La décision de faire d’Abigail la Voyante Royale et la Protectrice du Grand Cristal avait créé quelques tensions avec le Pape, ce que la jeune reine avait initialement cherché à éviter, aboutissant finalement à un schisme religieux entre Rome et le pouvoir royal britannien. Le royaume tout entier avait tremblé, craignant une guerre pour la possession du Grand Cristal. Après de longs mois de négociations diplomatiques, un traité de neutralité avait été signé par toutes les nations d’Europe, plaçant le Grand Cristal sous la protection exclusive de la monarchie britannienne. C’était aussi à cette occasion que la Garde D’Eel avait été créée.

La vie de la banshee eirinoise dans l’ombre du roi avait été pénible. Elle avait assisté à l’échec de ses six mariages, dont certains s’était terminés dans des circonstances tragiques. Le roi était un faelien aux origines incertaines, qui avait en sainte horreur les humains dont il avait renié l’héritage. Ne serait-ce qu’évoquer sa nature de faelien était un crime de lèse-majesté punissable de la peine capitale. Pourtant, aucune des faeries avec lesquelles il avait convolé n’étaient parvenues à lui donner un héritier. Le conseil privé avait alors suggéré, avec beaucoup de prudence, que le roi prenne une humaine pour femme. Elles étaient plus fertiles que les faeries d’une manière générale, et le roi possédant lui-même du sang humain, on était en droit d’espérer une naissance de cette union. Le roi était d’abord entré dans une colère noire, puis il avait accepté d’épouser une humaine, la première d’une longue liste. Parmi les six humaines que le roi avait épousées, il en avait répudié une, après qu’elle lui ait donné une fille unique, Marie. La deuxième, accusée d’adultère et d’inceste, fut décapitée après avoir donné au roi une autre fille, Elizabeth. Enfin, la troisième mourut de la fièvre puerpérale quelques temps après avoir donné le jour au premier et unique fils du roi, Edouard. Les trois dernières épouses du roi ne lui donnèrent pas d’héritier mais ne connurent pas un sort plus enviable que leurs consœurs.
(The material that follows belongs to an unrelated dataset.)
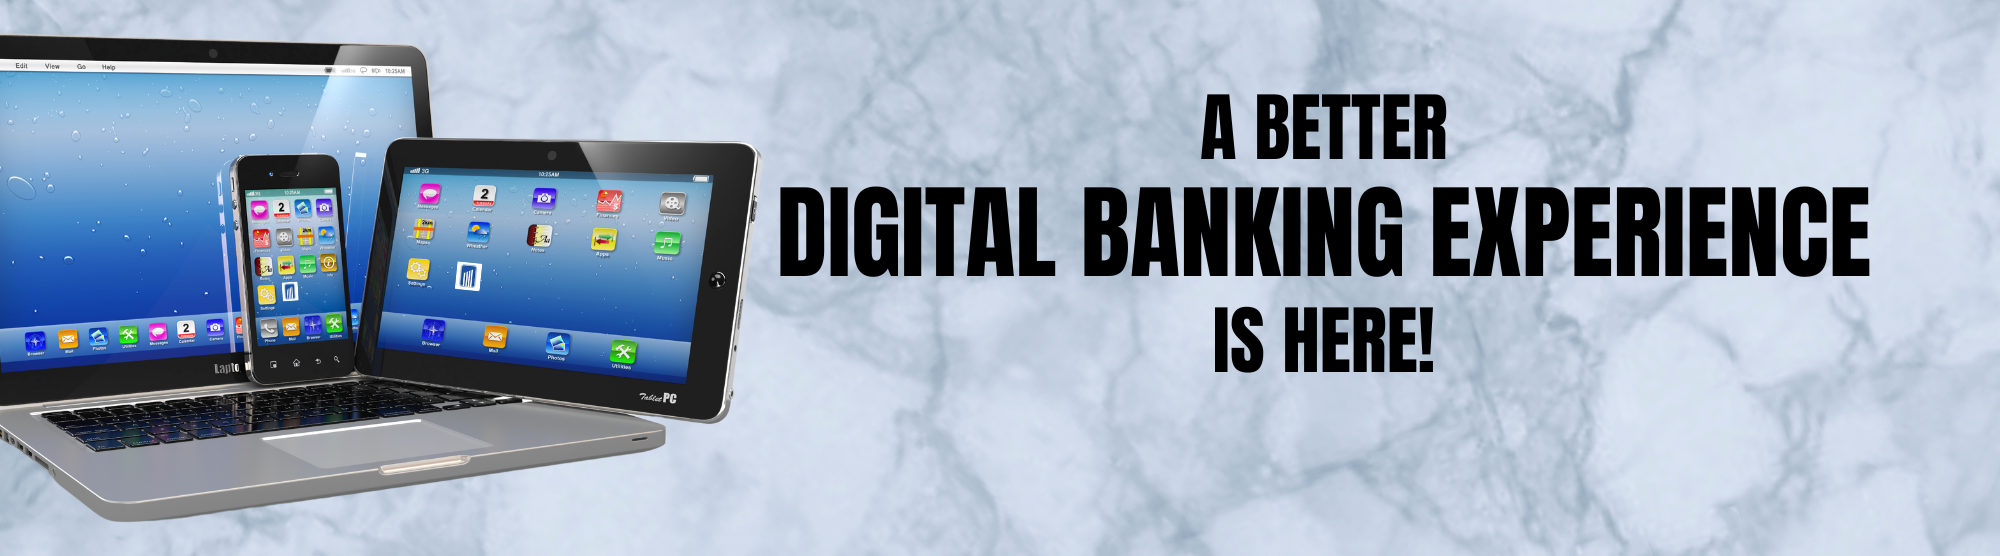 A better digital banking experience is here

Abigail avait crié et s’était lamentée pour la mort de chacune d’elle, pour celle de leurs enfants mort-nés ou décédés en bas-âge, ainsi que pour la mort du petit Edouard, ses chants funestes résonnant dans la Salle du Cristal. Dans la cour royale, des rumeurs couraient que l’infortune qui touchait ces jeunes femmes et causait tant de chagrin au roi était l’œuvre d’Abigail, que l’on surnommait la Sorcière d’Albion. On la soupçonnait d’avoir lancé une malédiction sur les épouses du roi ou de les avoir empoisonnées pour provoquer leurs fausses-couches à répétition et précipiter leur mort. A la mort du roi, un avis d’arrestation avait édité à son encontre, l’accusant de pratiquer les arts noirs et d’avoir ensorcelé le roi pour s’emparer du pouvoir, et la condamnant à mort.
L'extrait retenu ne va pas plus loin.